Material provided Block Start

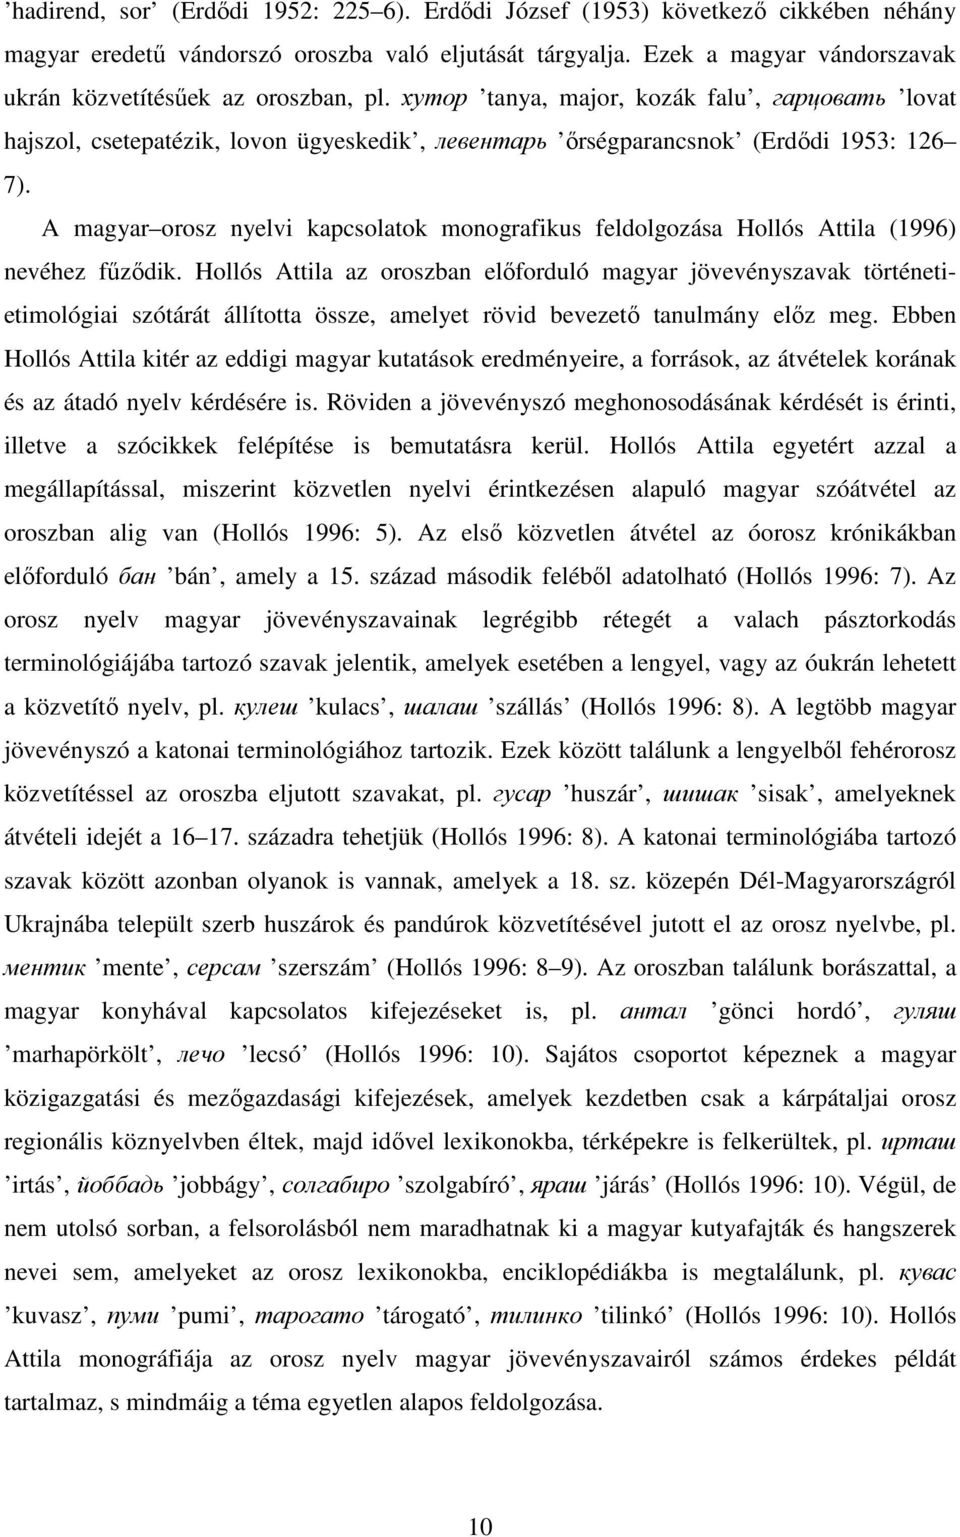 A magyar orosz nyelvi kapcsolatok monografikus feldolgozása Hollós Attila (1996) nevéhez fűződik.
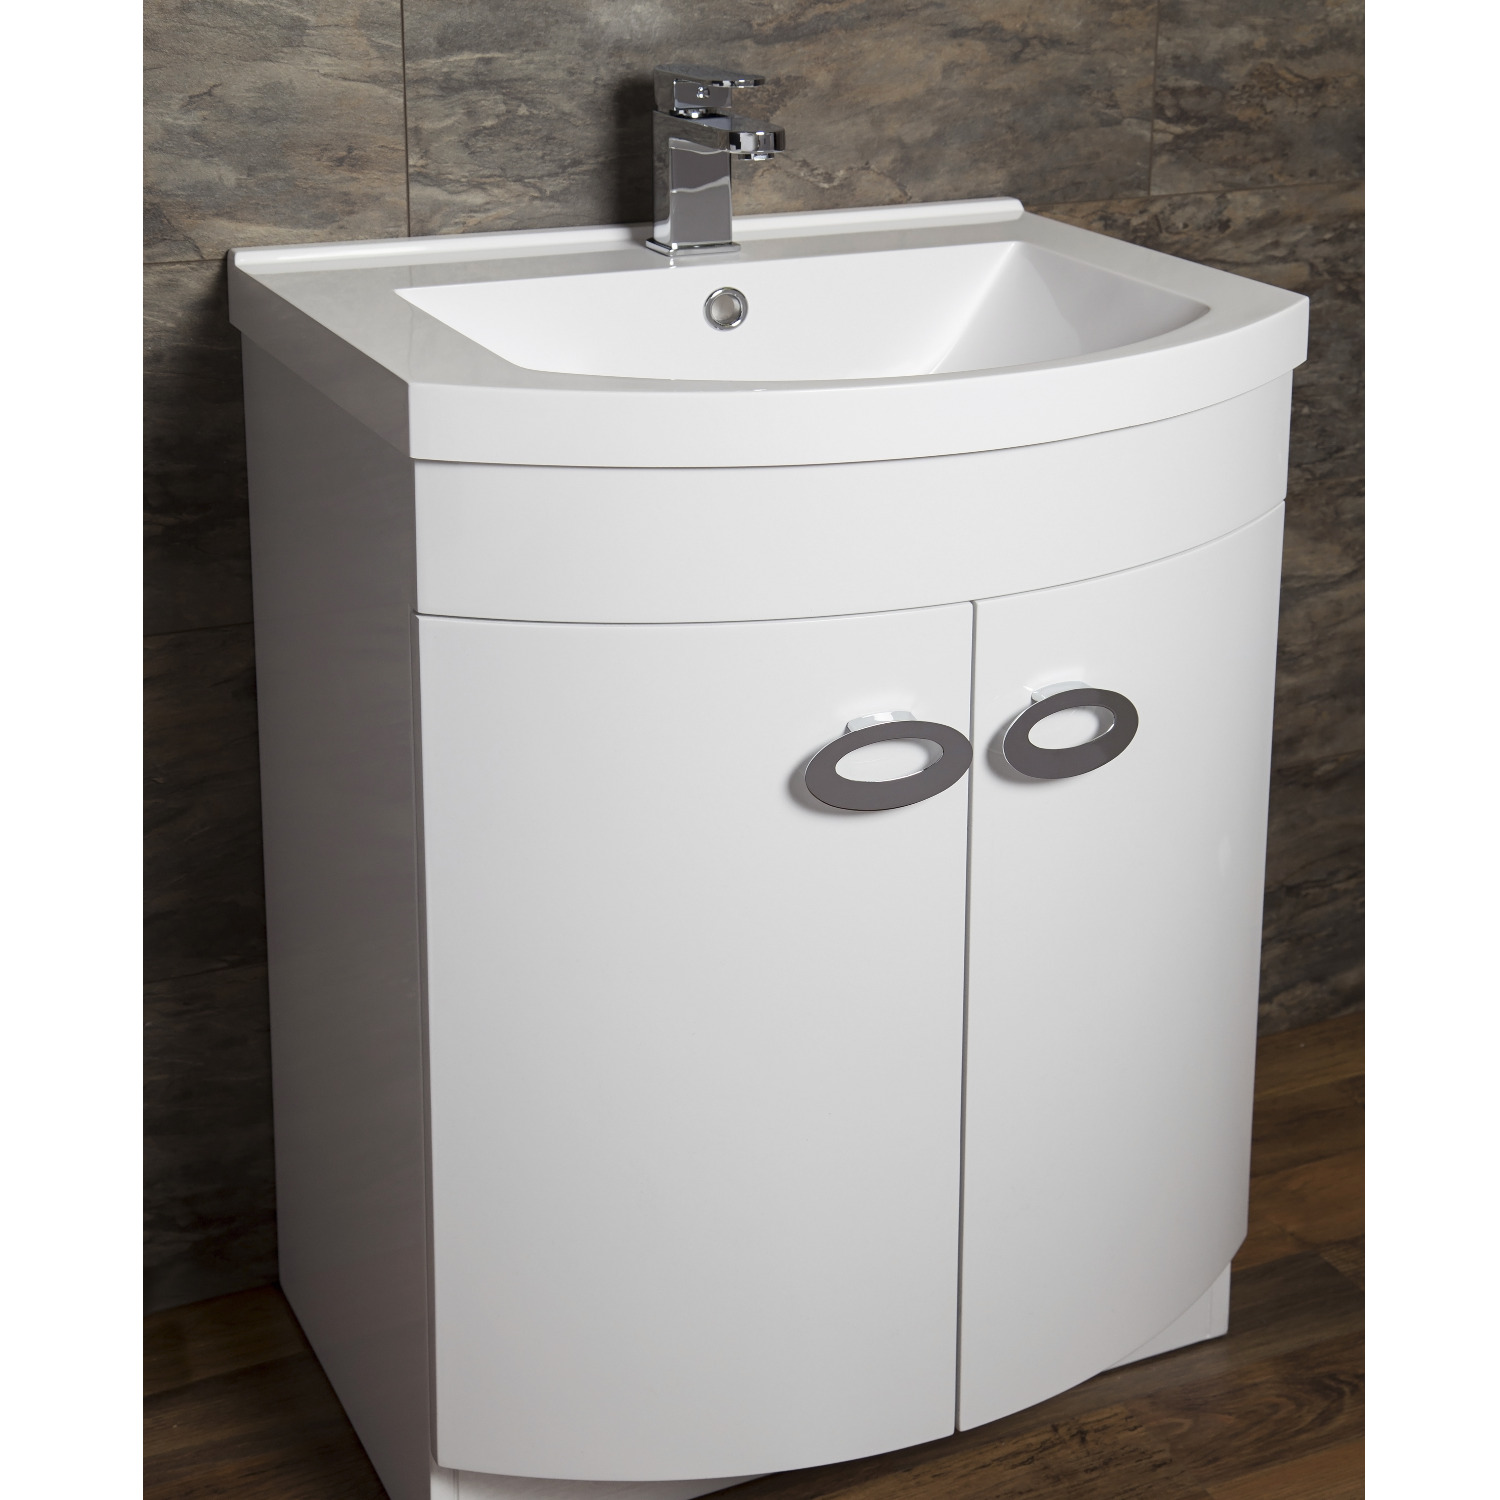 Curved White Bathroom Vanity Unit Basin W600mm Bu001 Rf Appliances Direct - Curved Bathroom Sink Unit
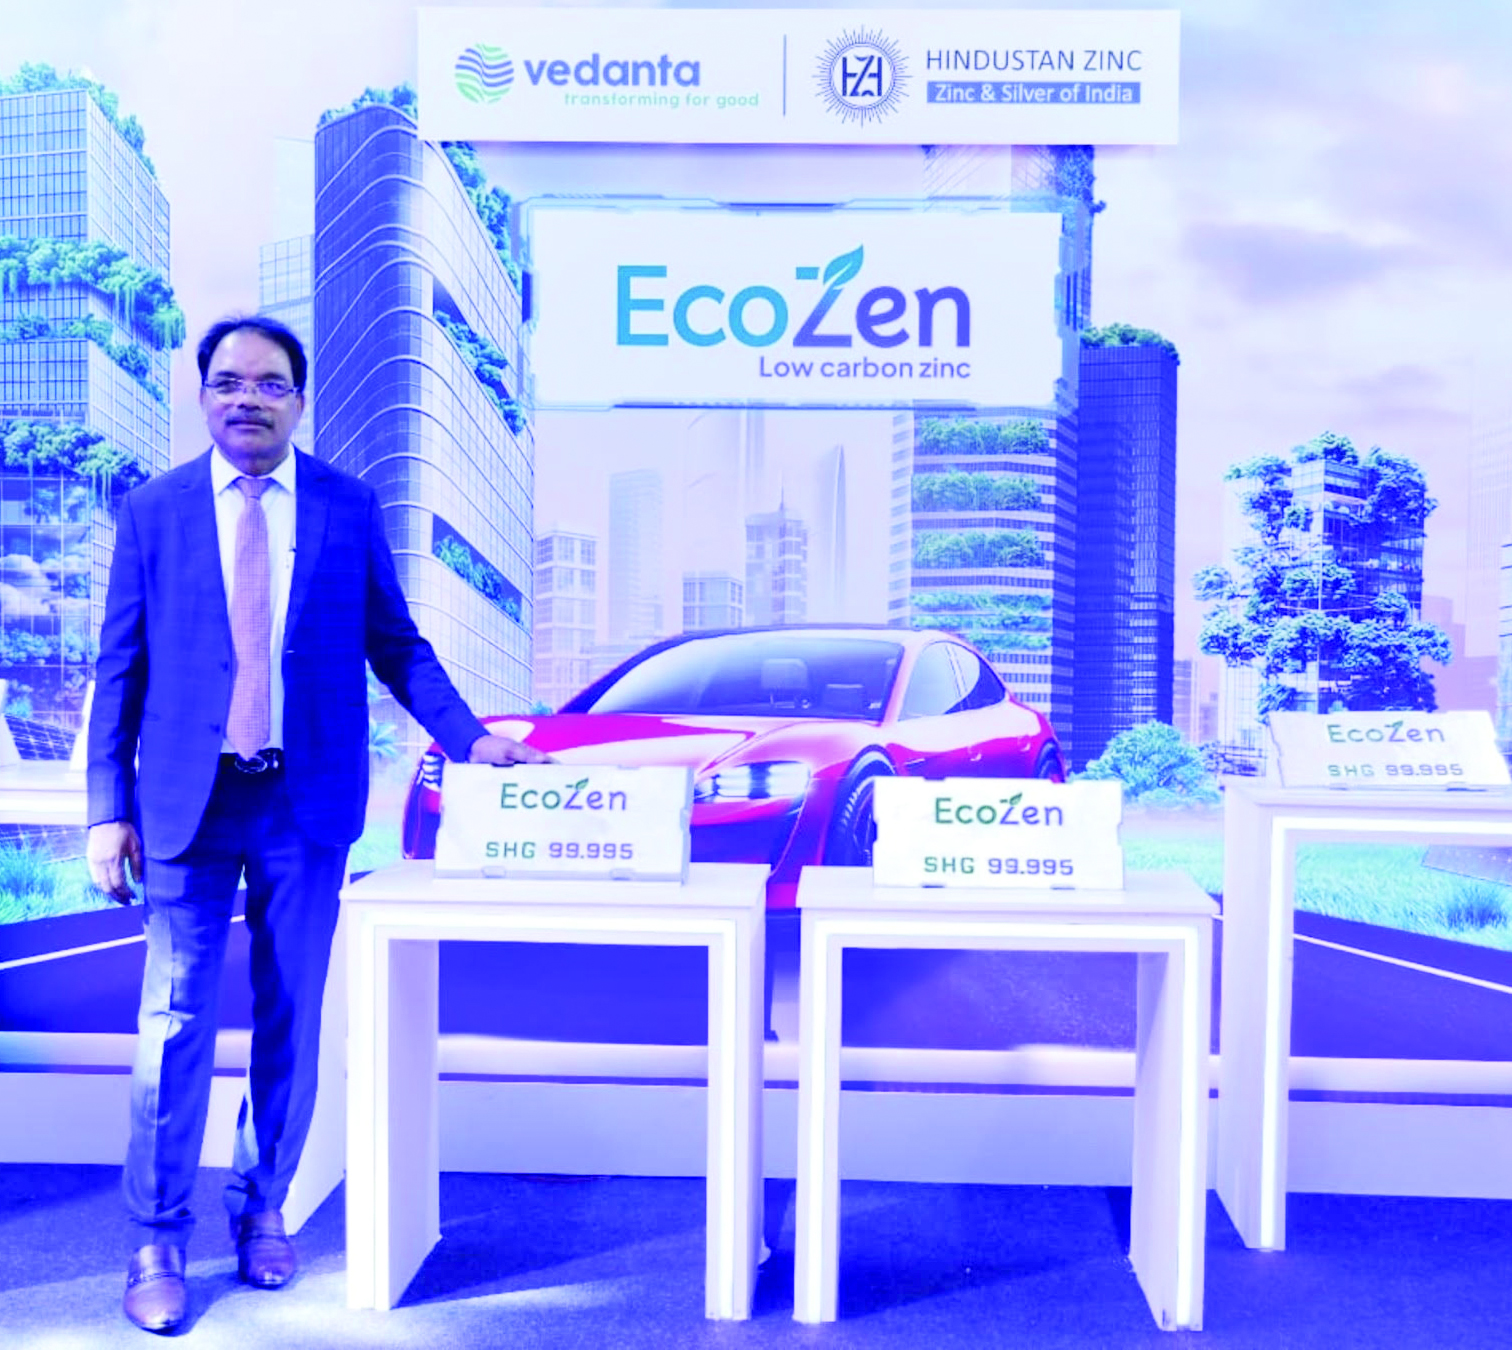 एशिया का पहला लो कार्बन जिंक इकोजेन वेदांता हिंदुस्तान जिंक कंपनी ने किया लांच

Material provided Block End

▸ **What you need to do**
Repeat the material above precisely as it appears, omitting the images it contains.

▸ **Answer box**
 A magyar orosz nyelvi kapcsolatok monografikus feldolgozása Hollós Attila (1996) nevéhez fűződik.
 Curved White Bathroom Vanity Unit Basin W600mm Bu001 Rf Appliances Direct - Curved Bathroom Sink Unit
 एशिया का पहला लो कार्बन जिंक इकोजेन वेदांता हिंदुस्तान जिंक कंपनी ने किया लांच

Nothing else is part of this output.